Wie lang arbeitete der denn? Und viel wichtiger, wie lang schlief der denn dann noch? Vllt, so dachte ich, kann ich den zeitlichen Rahmen etwas "ausbauen" sollte er sich nicht bald melden (die Hoffnung stirbt zuletzt).

In solchen Momenten wird einem erst bewusst, wie UNGLAUBLICH lang eine Stunde sein kann.

16 Stunden und ca. 23 Minuten später... Es klingelte!!! Oh mein Gott eine Sms!! Direkt spurtete ich zum Handy, hämmerte ungeduldig auf die Tasten und erstarrte - Eine Sms von meiner beste Freundin... Super!!

"Hey Maus! Und??? Hat er sich gemeldet???"
Nein, hatte er nicht.... und ich war zu deprimiert zum antworten.
Jetzt war ein guter Zeitpunkt für eine Frustphase.

Das Handy legte ich möglichst weit weg von mir (wenn auch nicht ausser Hörweite) und wartete weiter dass die Zeit verging.

Es wurde immer später und ich war überzeugt, dass ich es, wie sagt man so schön, vergessen kann, als mein Handy plötzlich wieder klingelte.

Während mein Herz einen neuen Rekord im Schnellschlagen ohne darauffolgenden Herzinfarkt aufstellte redete ich mir in Gedanken zu: "Ruhig bleiben, das isser bestimmt nicht!
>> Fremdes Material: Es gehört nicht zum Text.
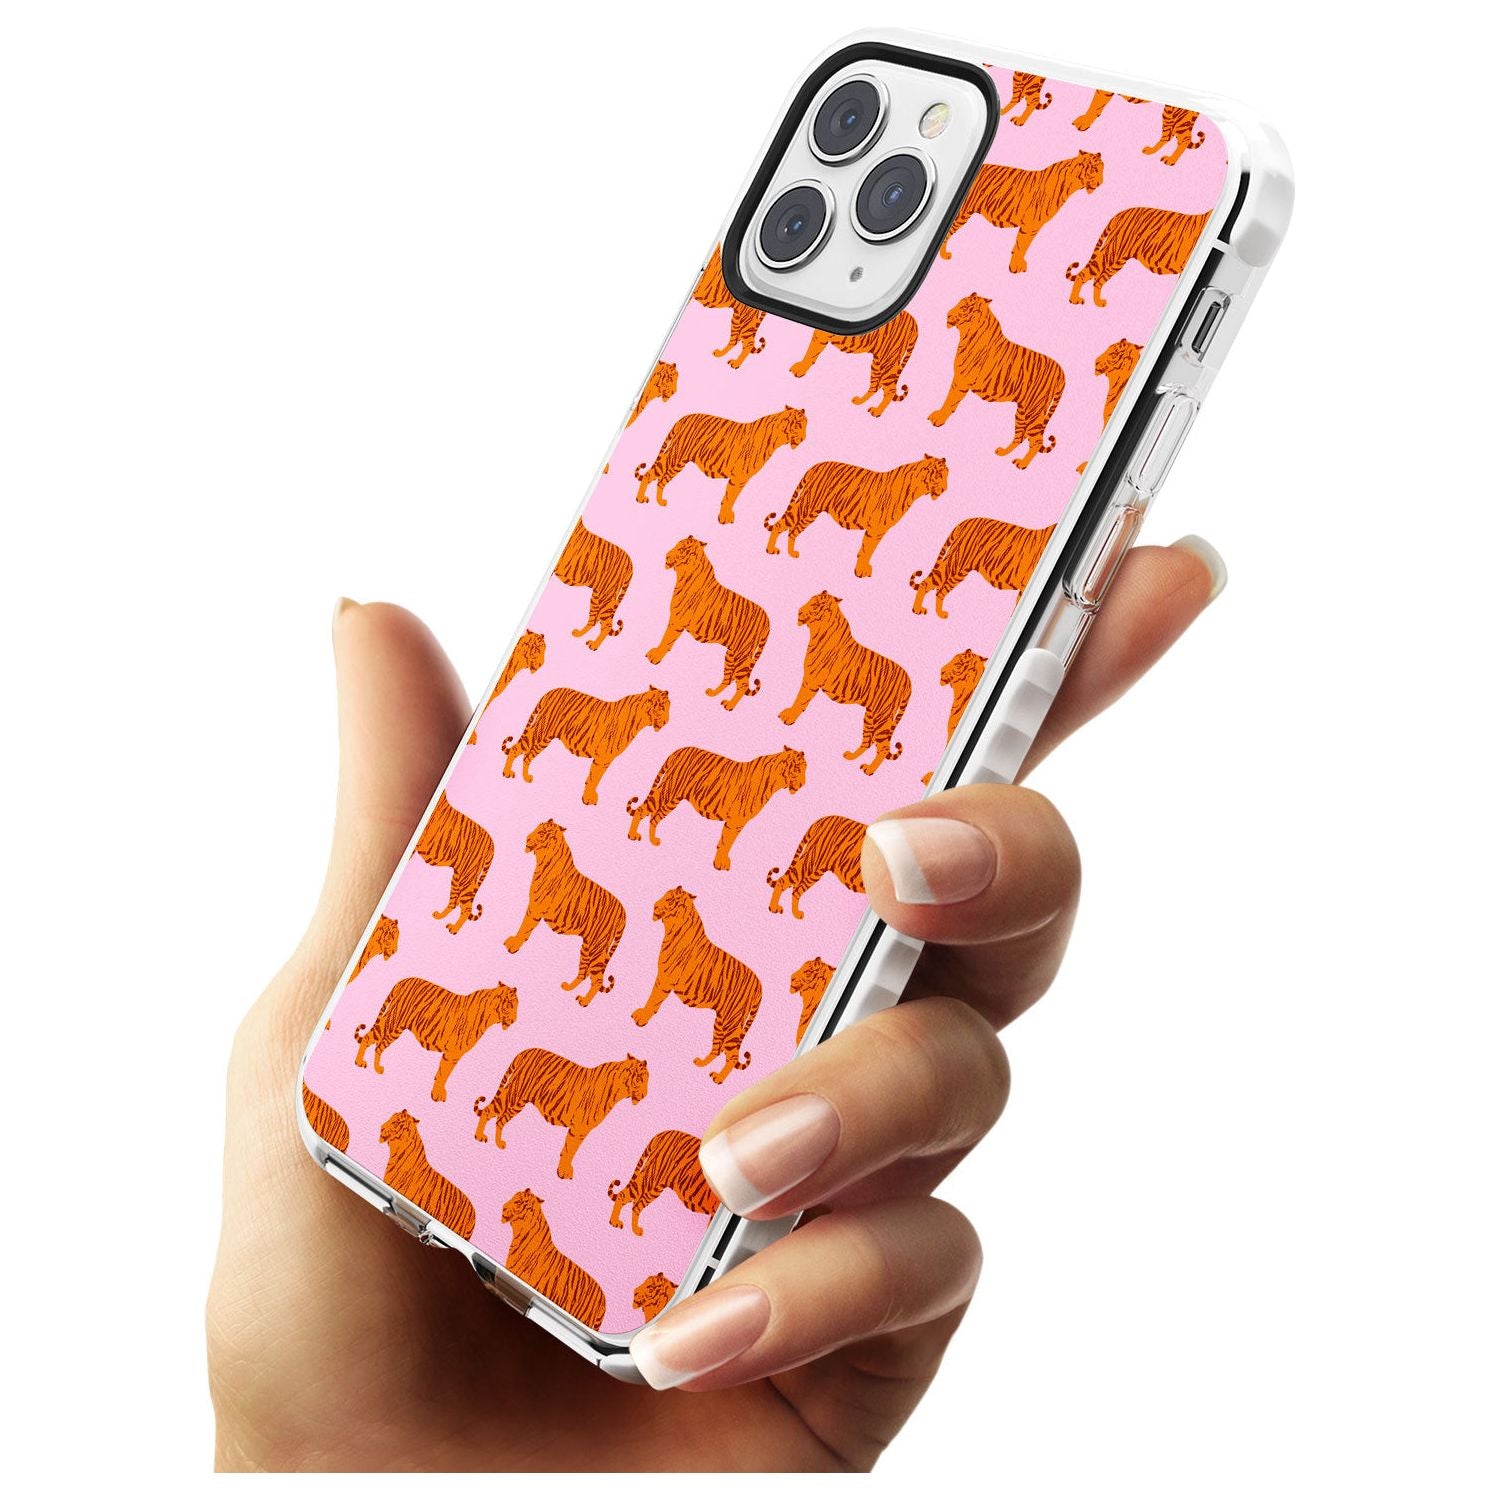 Tigers on Pink Pattern Impact Phone Case for iPhone 11 Pro Max

Atme Mädchen! Atme!!!!"

Ein unangenehmer Nebeneffekt von Aufregung ist die Tatsache, dass man rein motorisch einem Kind gleichkommt. Selbst auf Tasten zu drücken scheint mit einem Mal zu einer hochkomplizierten Fertigkeit zu werden.
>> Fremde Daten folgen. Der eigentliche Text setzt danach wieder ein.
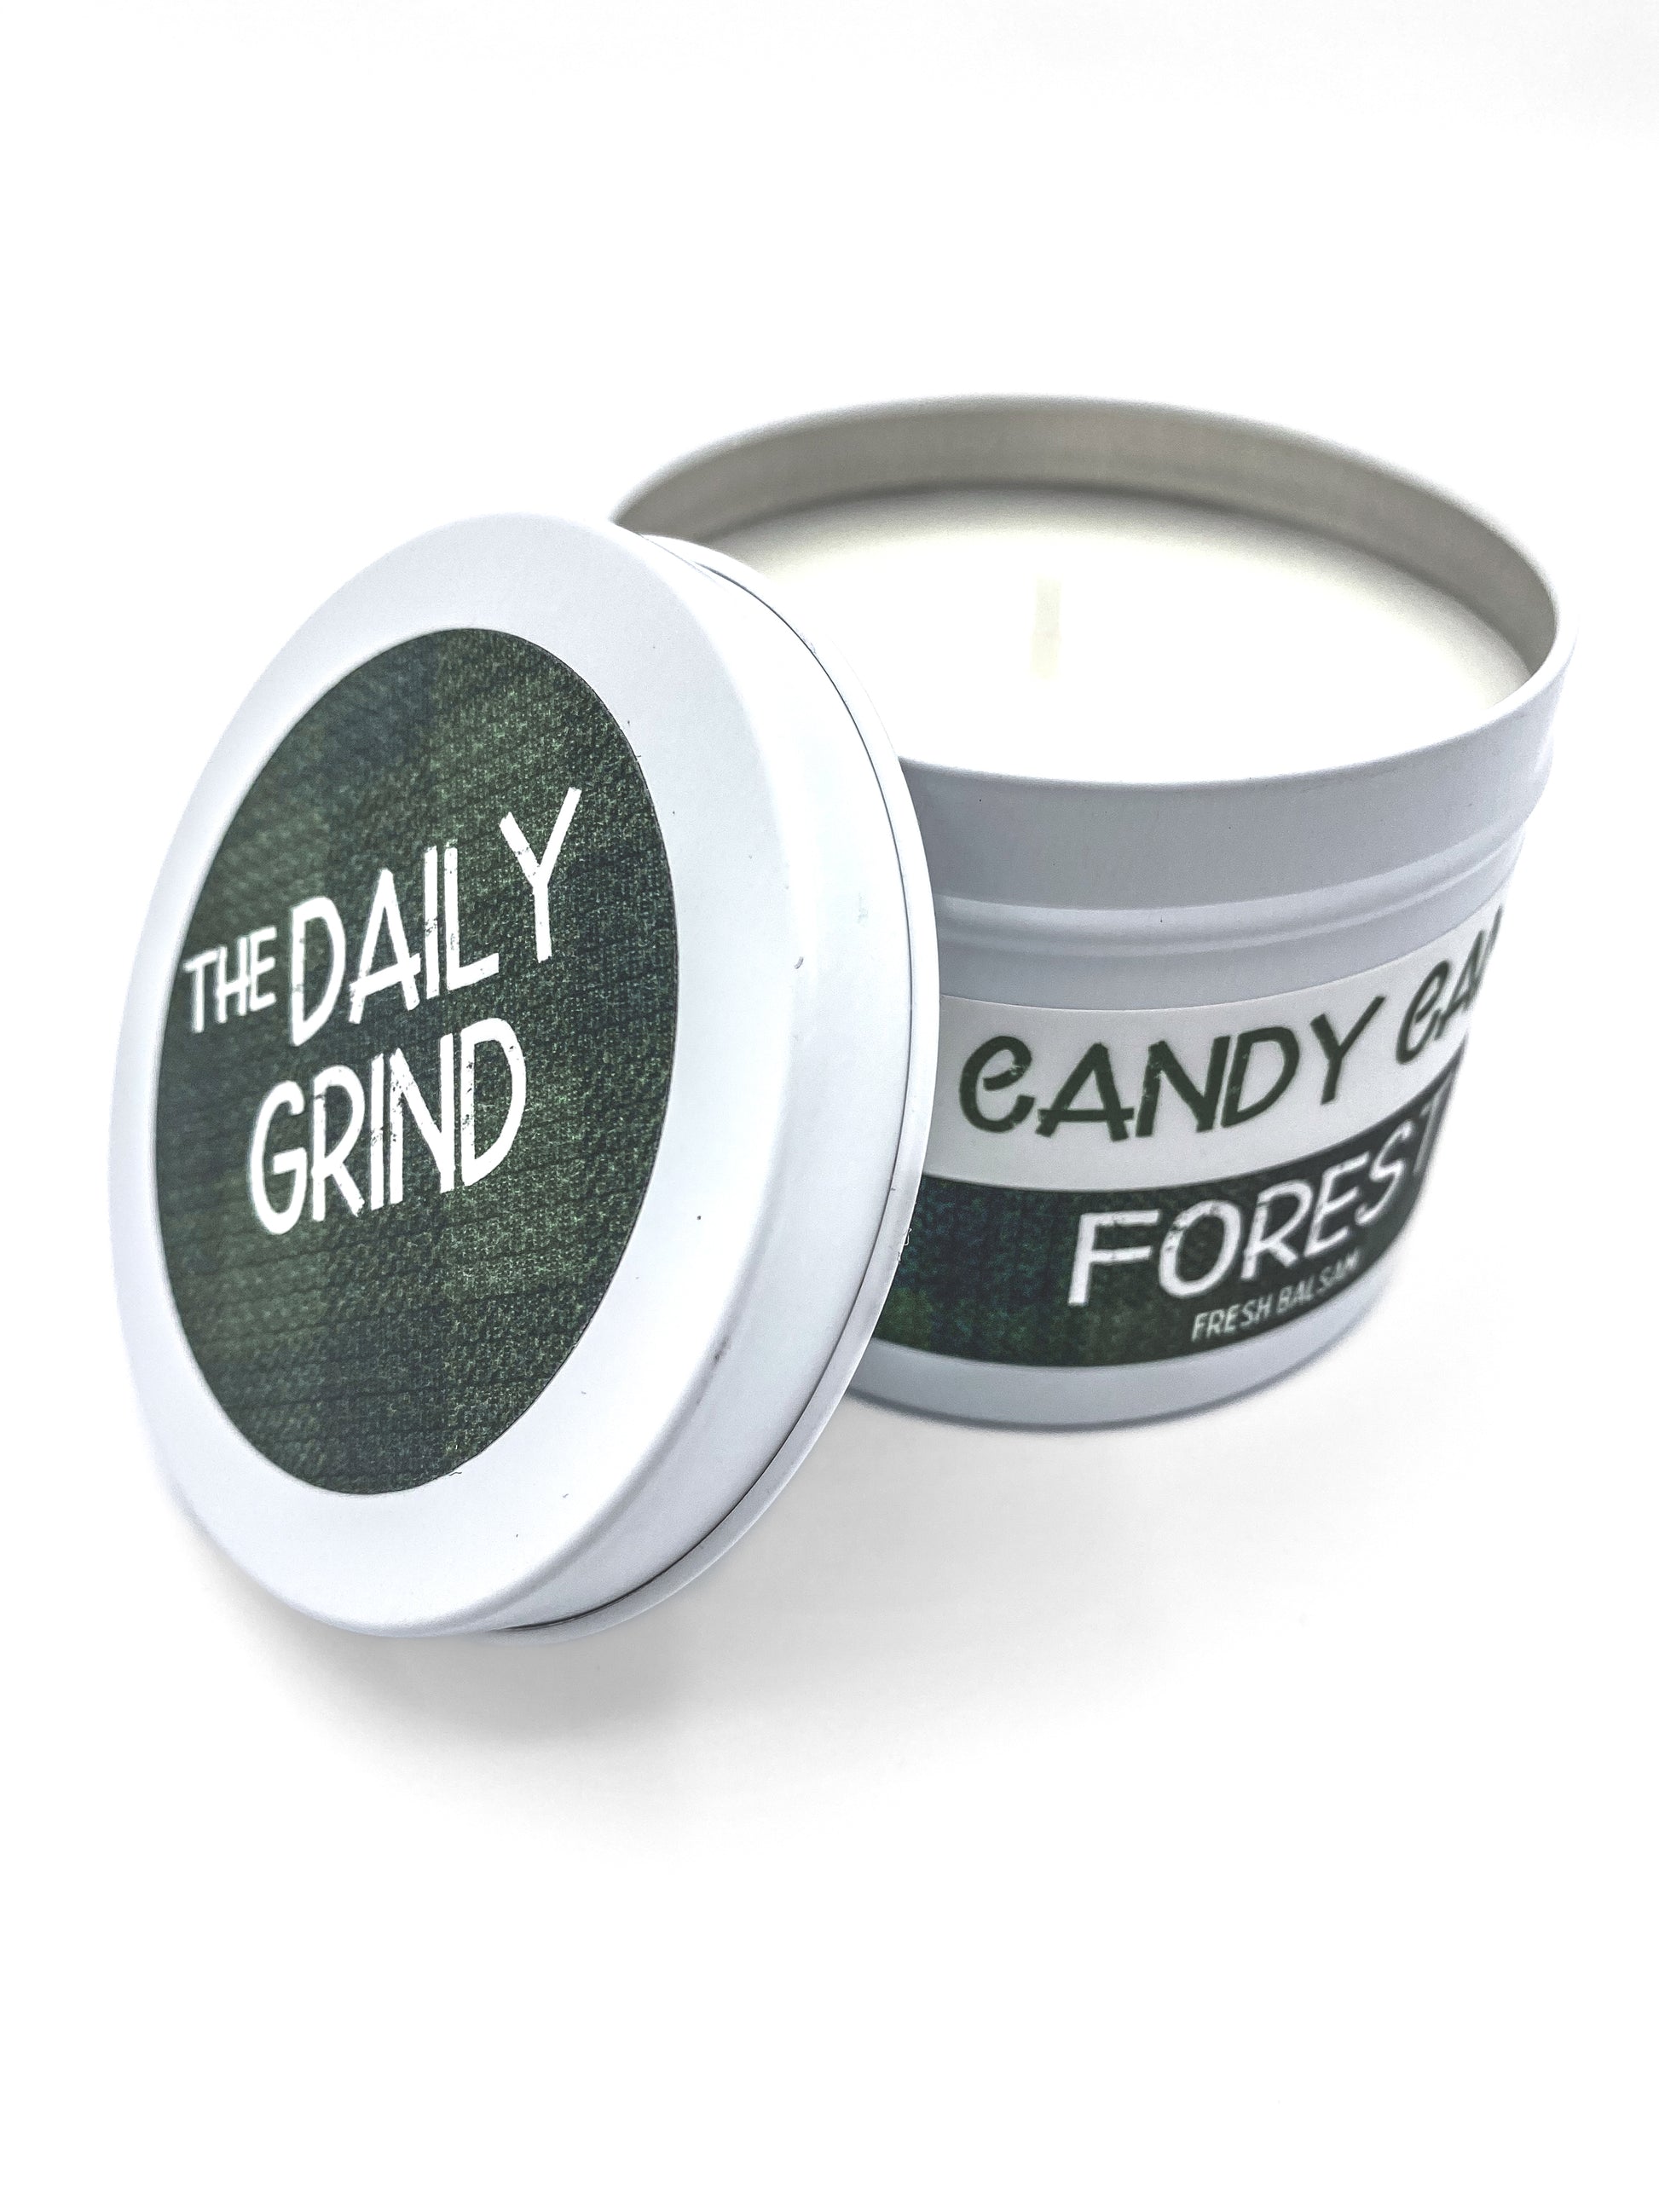 Unlit "Candy Cane Forest" candle in white tin

Da! Der Posteingang... Okaaaay, die Nummer kannte ich nicht (was immer noch nichts heissen muss... mein Netzanbieter ist so nett und schickt mir regelmässig sinnlose Werbemails, die ich grundsätzlich direkt lösche ohne sie zu lesen...Handyspam geht ja mal gar nicht!).

Also weiter im Text "Öffnen" und... tatsächlich, das war definitiv NICHT mein Netzanbieter! "Hey, alles klar? Wollt nur mal sagen, dass ichs echt klasse fand, dass du mir deine Nummer zugesteckt hast. Lieben Gruß, Chris!"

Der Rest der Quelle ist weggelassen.